In 2023, the housing market is undergoing a peculiar phenomenon — a reverse crash. The rise in mortgage rates, surprisingly, hasn’t instigated a significant decrease in home prices. This perplexing trend can be attributed to a complex interplay of economic, demographic, and market determinants.
Today, a significant proportion of homeowners — 92% of those with mortgages — enjoy rates below 6%, with a lucky 62% relishing rates under 4%. As mortgage rates climb, these homeowners are opting to hold onto their properties, rather than sell and risk locking in a higher mortgage rate.
Consequently, this shift in homeowner behavior has reduced the volume of home sales. This is corroborated by a recent study, revealing that approximately 27% of homeowners would be motivated to sell if rates descend to 5% or lower.
Furthermore, nearly half of the homeowners surveyed would consider listing their properties if rates were to plunge to 4%.
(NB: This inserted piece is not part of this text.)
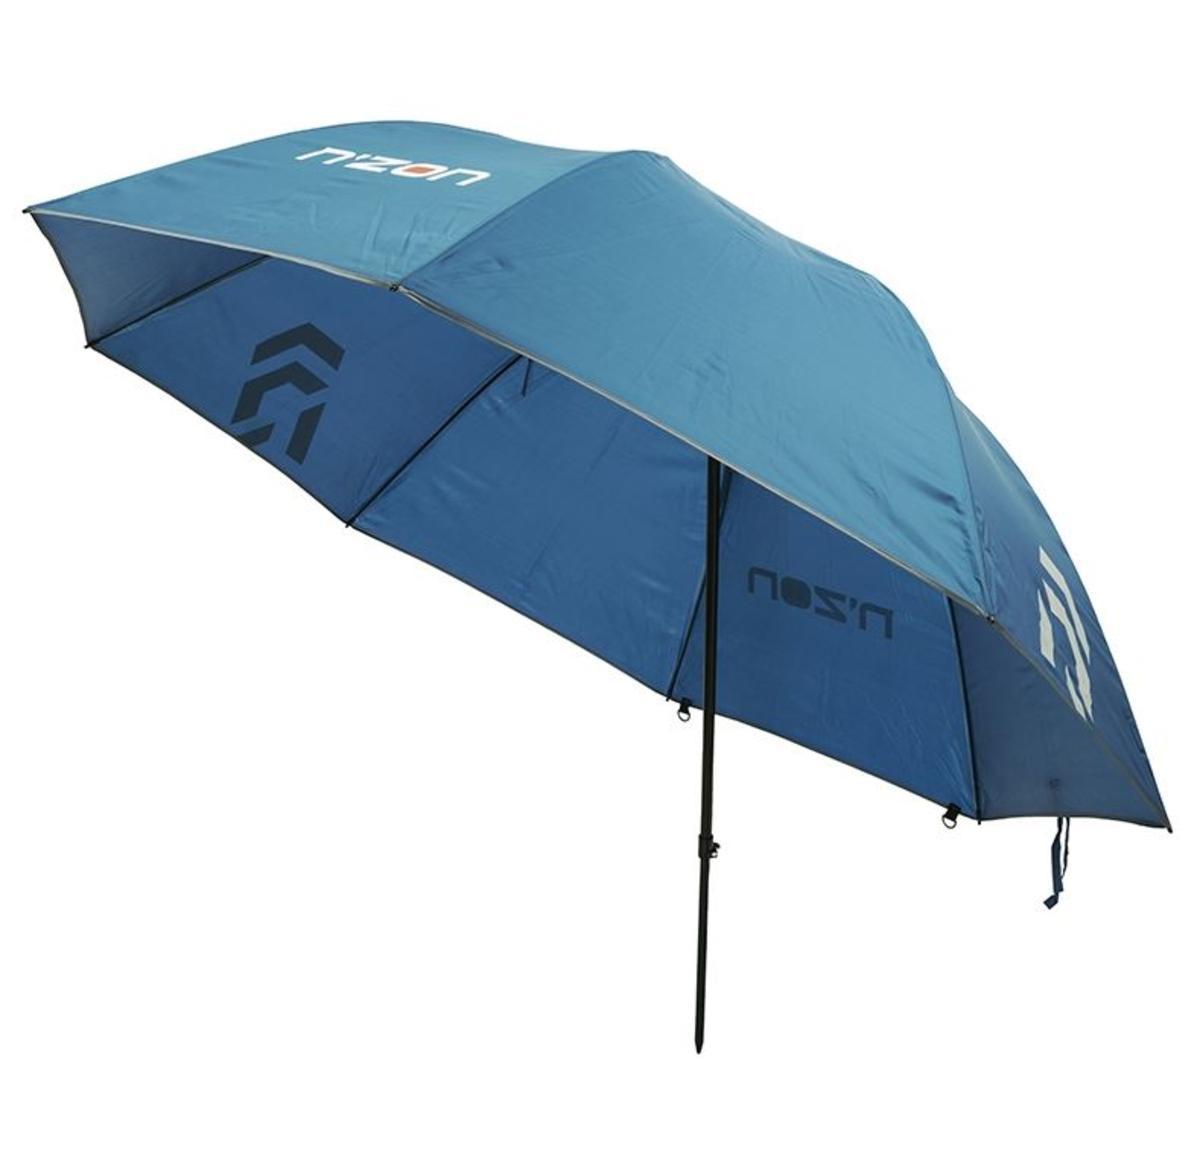 "New Daiwa N'ZON 125cm / 50"" Fishing Brolly / Umbrella - Round - NZB125"

Despite these evolving dynamics, home prices have seen only a nominal drop. The manager of the S&P Case Shiller Index predicted a peak-to-trough decline of around 5%, leaving 2% yet to be recuperated.
This forecast is supported by Goldman Sachs, who foresee a 2.2% dip in 2023 and do not anticipate any substantial recovery until interest rates start their downward journey.
In contrast, Fannie Mae, the mortgage giant, revised their outlook last week, projecting a 1.2% deflation in national home prices in 2023, which is predicted to be followed by an extra 2.2% contraction in 2024.
However, Zillow challenges this prediction, suggesting that 2023 will wrap up with home prices 5% greater than their starting point.
This projection was revised upwards from their original forecast of a 3.9% increment, thanks to the rapid pace of sales — a staggering 15% decrease in pending home sales implies a faster rate of purchase than listing.
- Limited Inventory: The enticingly low interest rates have convinced many homeowners to retain their properties unless selling becomes indispensable.
- Construction Lag: Challenges like regulatory hurdles, disrupted supply chains, and heightened costs are stifling builders from catching up with the soaring demand.
- New Buyer Demographics: Millennials, representing 43% of the housing market, are influencing the market with their specific preferences – affordability, roomier homes, opportunities for DIY renovations, and cost-effective locations, according to BankRate.
- Banks’ Conservative Lending: If financial institutions decide to relax their lending standards, a surge of buyers could push home values even higher.
- Scarcity of Foreclosures: Presently, foreclosure is usually an option only when a homeowner’s debt surpasses the home’s value, which is currently not a widespread issue.